● Given information:
━━━

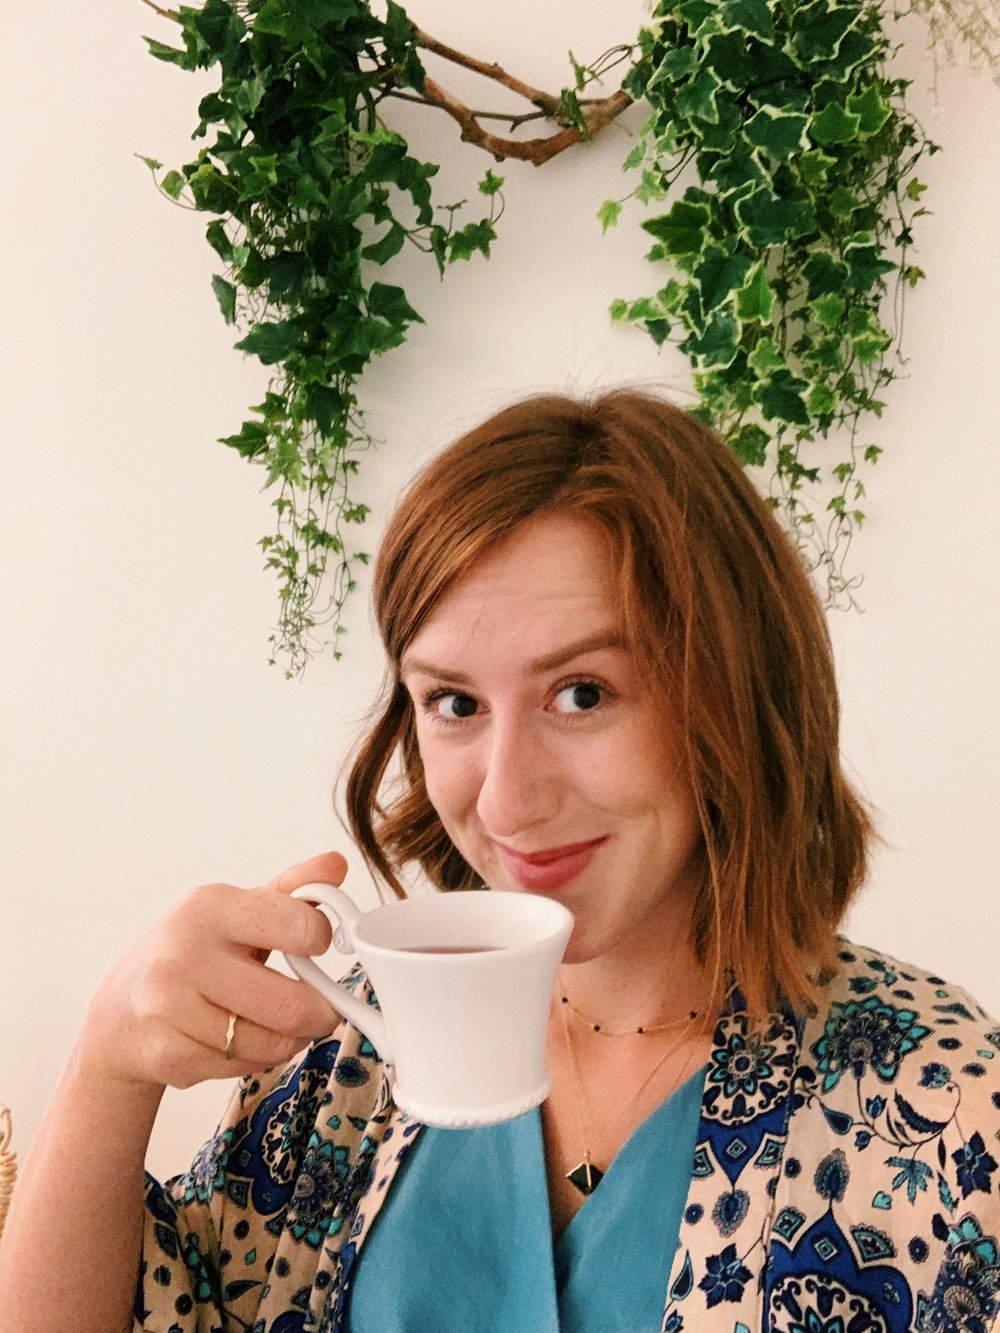 Feeling smug with my herbal tea in Bat Your Lash Salon.
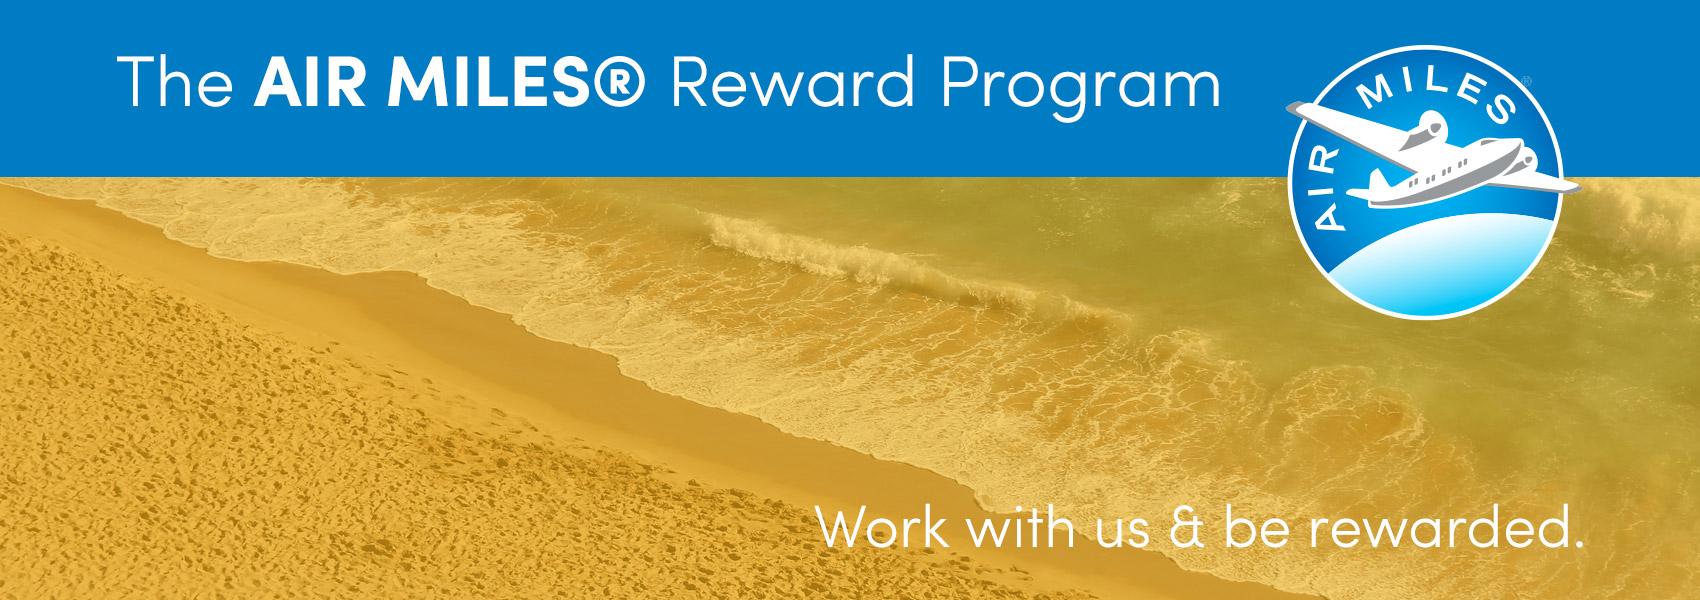 The AIR MILES® Reward Program
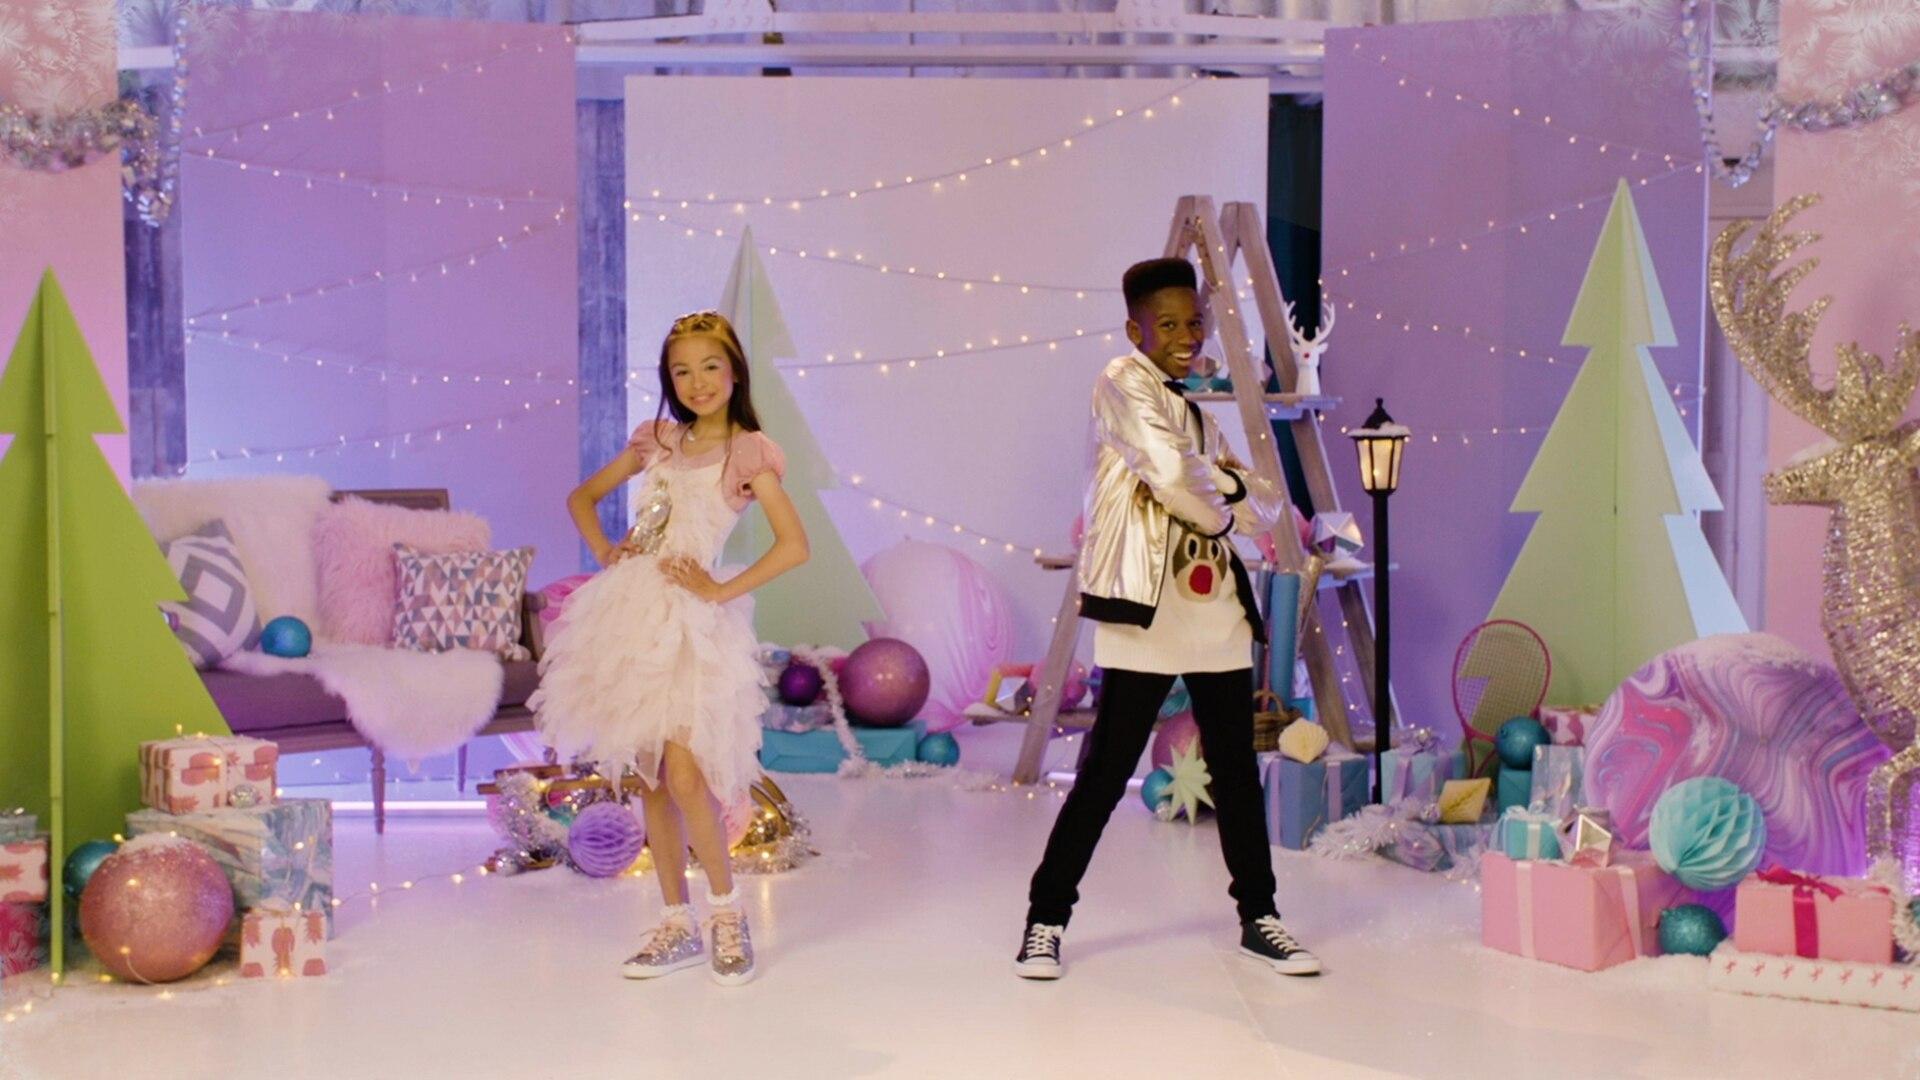 Kidz Bop Kids - Last Christmas Dance Alo

━━━

With the pictures removed, return the listing above in its exact original wording.

● Response to this task:
 Feeling smug with my herbal tea in Bat Your Lash Salon.
 The AIR MILES® Reward Program
 Kidz Bop Kids - Last Christmas Dance Alo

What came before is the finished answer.